I know it may sound pessimistic to those of you who aren't related to military in some way but to those of us who are it's more just a fact of life. You never really think you'll be 21 the first time you have to talk to your husband about what they'd like their funeral arrangements to be. I know for a fact 21 wasn't when my husband thought he'd be having to think about it either. I remember days before he left for the first deployment he went on having to cover this situation and all I could do was try to crack jokes. They were some morbid jokes to say the least, but it's the only way I could cope with the situation at the time.

I can't watch the news. It bothers me to hear about all the conflicts going on, not just in the area my husband is serving in but everywhere. It's a fact that you'll worry ten times more than you normally would too if you try to keep up with the current affairs in the area you're husband is in. Every little thing will have you wondering if they're ok. Needless to say I have NO idea what is going on in the News world while he's gone and whenever someone tries to ask me about something I'm usually clueless. What little news I do receive is via military communities and some of it is extremely heartbreaking.

There's sort of a fall of how certain things work though and how you feel about them. When you're Military, ANY branch of military, you're this giant family. You knock each other all the time, wrestle and argue, but when it's time to get down to business you have each other's backs. It's easy to have an instant camaraderie with someone once you find out you're both involved some way. The other branches are sort of like your cousins, you don't always have to like them but you've got to recognize that you're related. Your branch, it's like your more immediate family, aunts and uncles and the like, the people you have a close relationship to. Your job field and more specifically your unit, those are your brothers and sisters.

When something happens to the cousins you don't really know or talk to, you get upset. When something happens to your aunts and uncles you get heartbroken. And when something happens to your brothers and sisters you feel a great sense of loss.

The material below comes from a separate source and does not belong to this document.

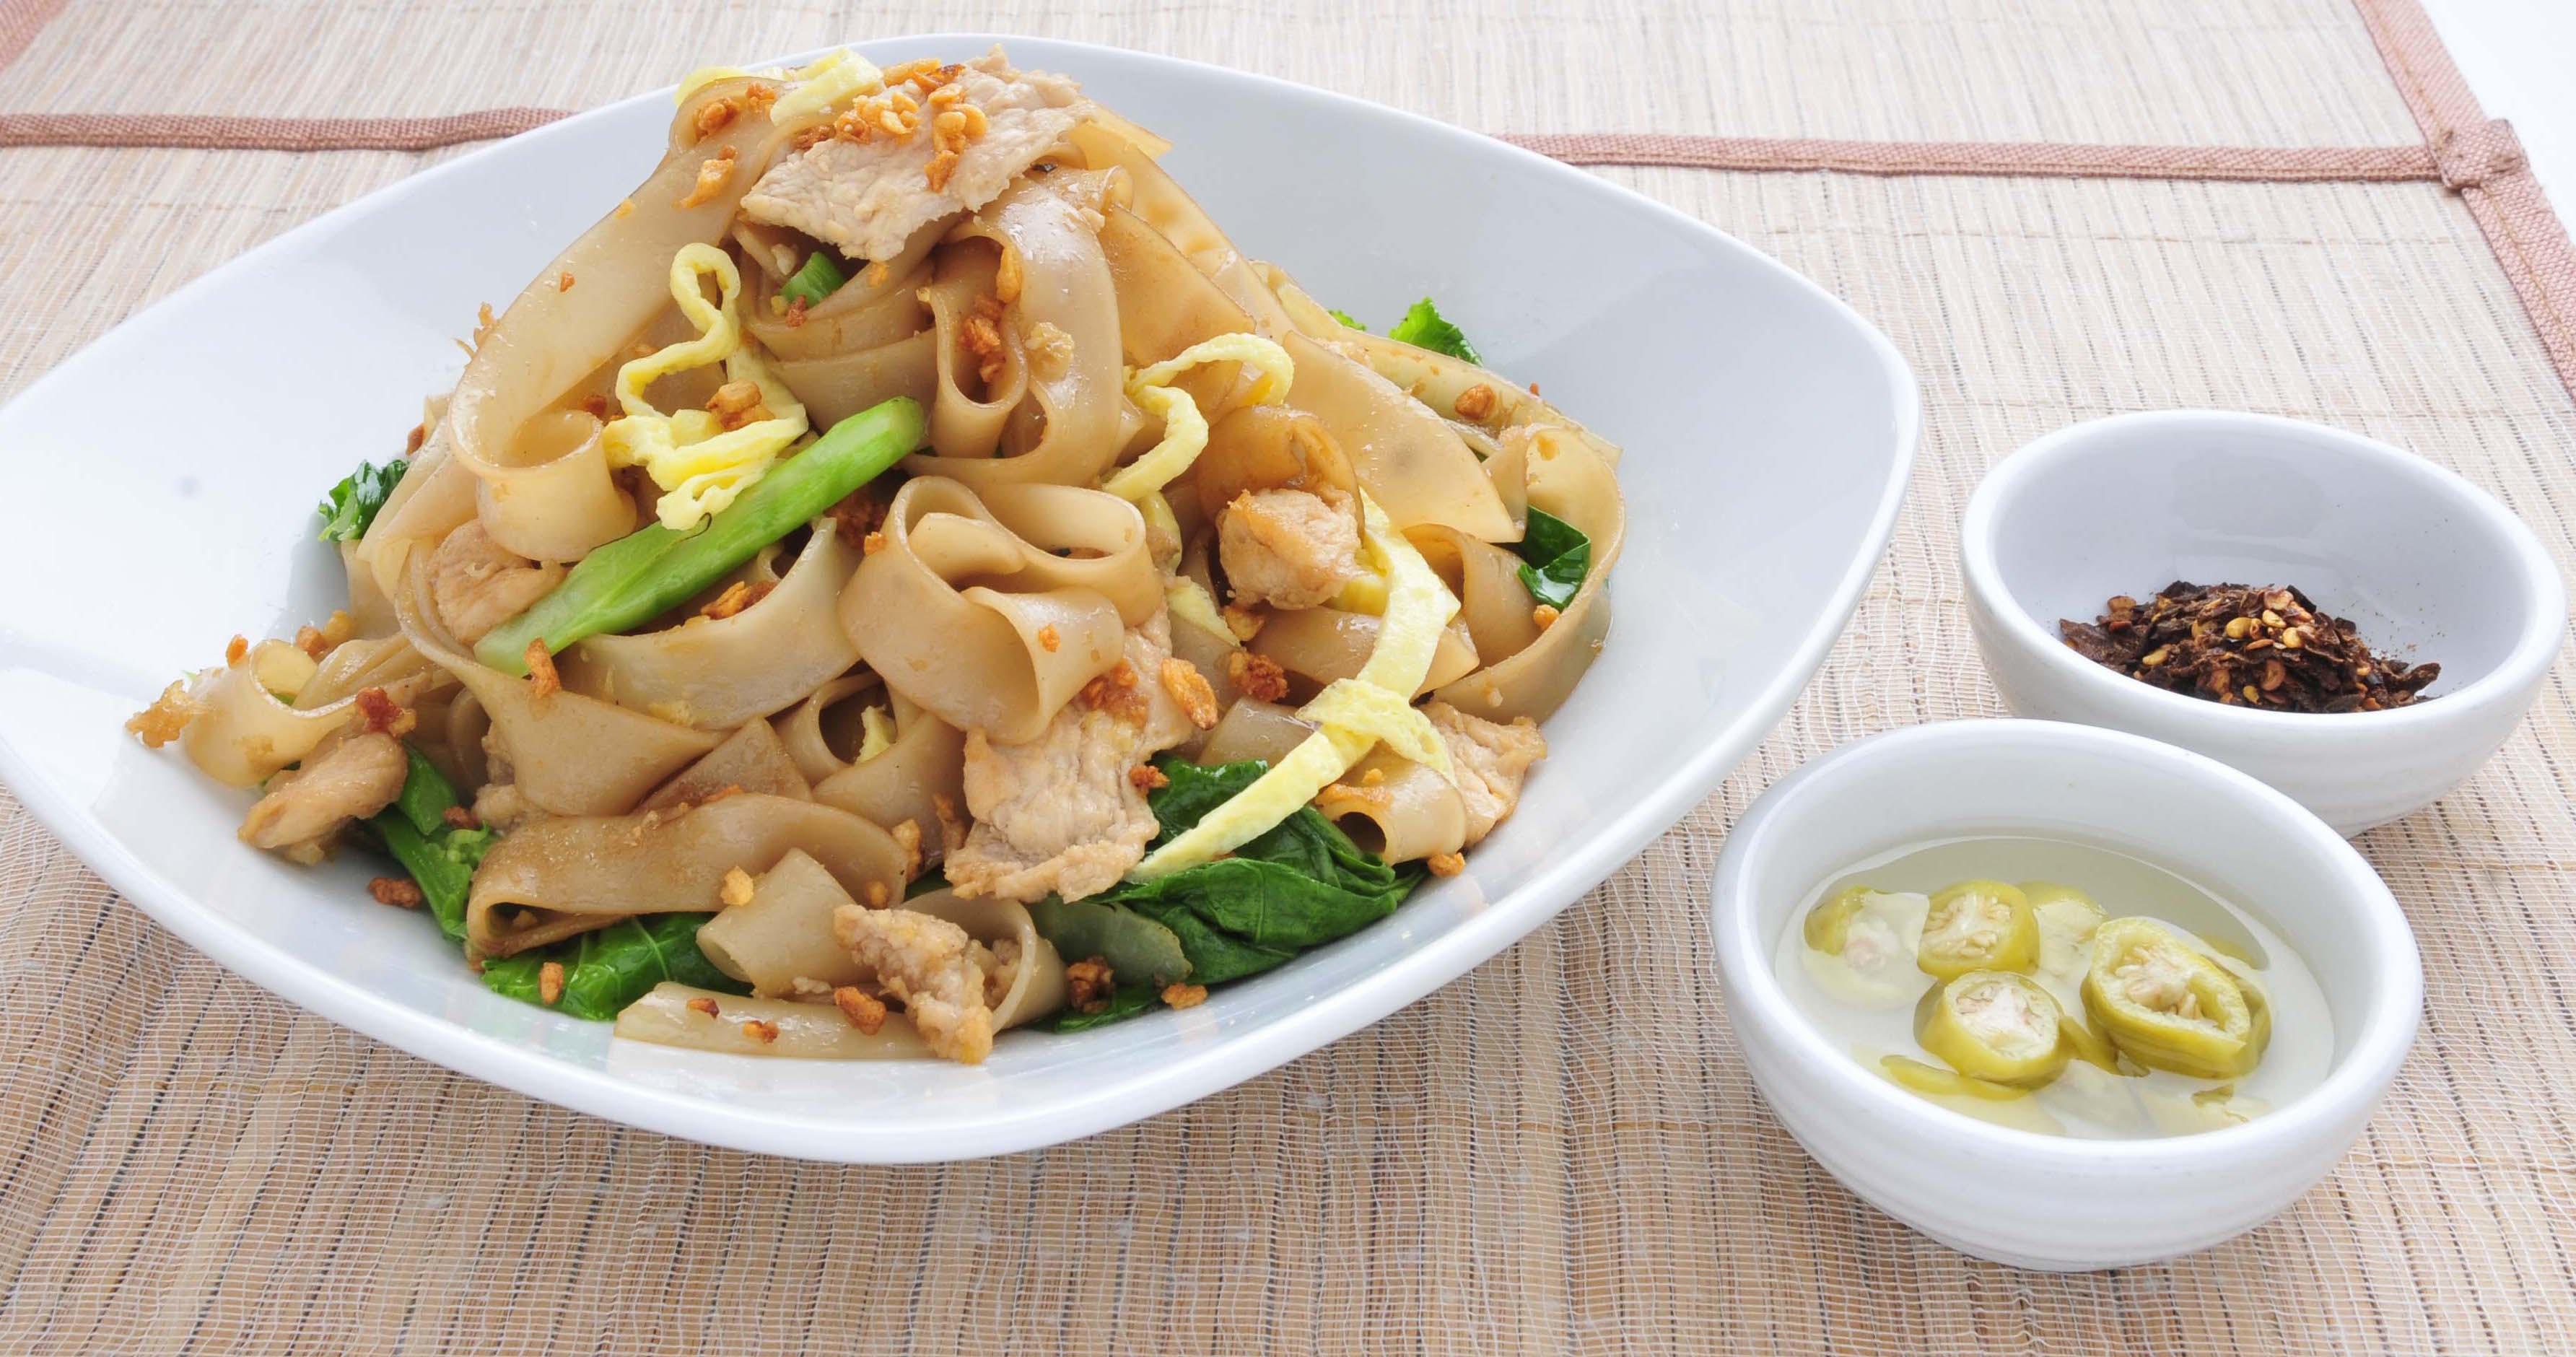 Stir Fried Flat Noodles w/ Chicken
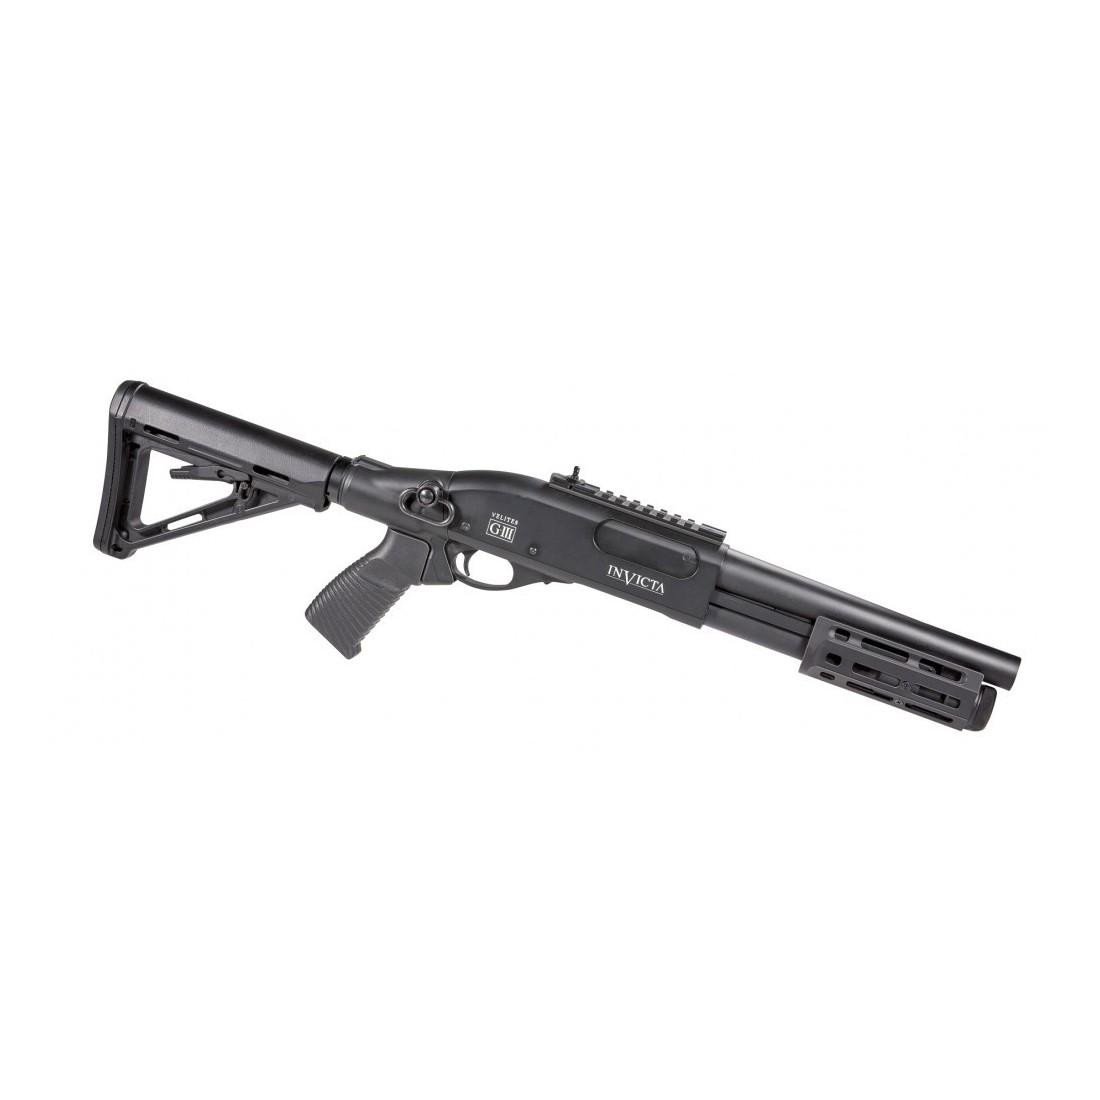 Shotgun VELITES INVICTA G-III black [SECUTOR]

The shootings that happened recently in Germany were a great example of these stages for me. Finding out that individuals from the US Military were involved was upsetting to me but not something I would necessarily dwell over. Just something I would accept with sadness. Finding out they were Air Force, 'my' branch, was heartbreaking because instantly the possibility of knowing those involved increases a little. Finding out they were from my husband's career field put me and many other wives I know on edge. Instantly you're waiting to see if your phone will ring, waiting for the names to be released, just to see if you know who anyone might be. The realization that that could have been your own husband there makes it worse. It makes it hit closer to home and it's like feeling the bullet whiz by without hitting you. My heart hurts for the wife and families of Senior Airman Nicholas J. Alden and Airman 1st Class Zachary R. Cuddeback.

And while this is how it feels with a situation I could easily call a 'near miss', I can't even begin to imagine how it would feel to be the one getting the bad news. I am terrified of men in Blues coming to my door. When I first got married and was living in base housing I was woken by the door one day by two people in ABUs, and while I had just gotten out of the bed my husband was still laying in I have to admit my heart stopped for a moment when I opened the door. It took me a moment to process that A) These people weren't in Blues and B) My husband was asleep in bed, but you can see how it sits with me. I've had some of my husband's co-worker pop by the house while in uniform and have seriously yelled at them for scaring me. They think it's hilarious, obviously me? Not so much.

But since I'm talking about all the things I can't do, I'll try to end this on a more positive note. There are a few things I can do: I can miss him with all my heart and love him with all my heart so that when he comes home it feels like the deployment wasn't as long as I thought and instantly just becomes a faded memory. I can cherish every phone call, letter, and email enough that it almost feels like he's not so far away. And I can love our children enough that they will lack for no love while he is gone.



Please say a prayer for SrA Alden and A1C Cuddeback's families tonight.


Defensor Fortis.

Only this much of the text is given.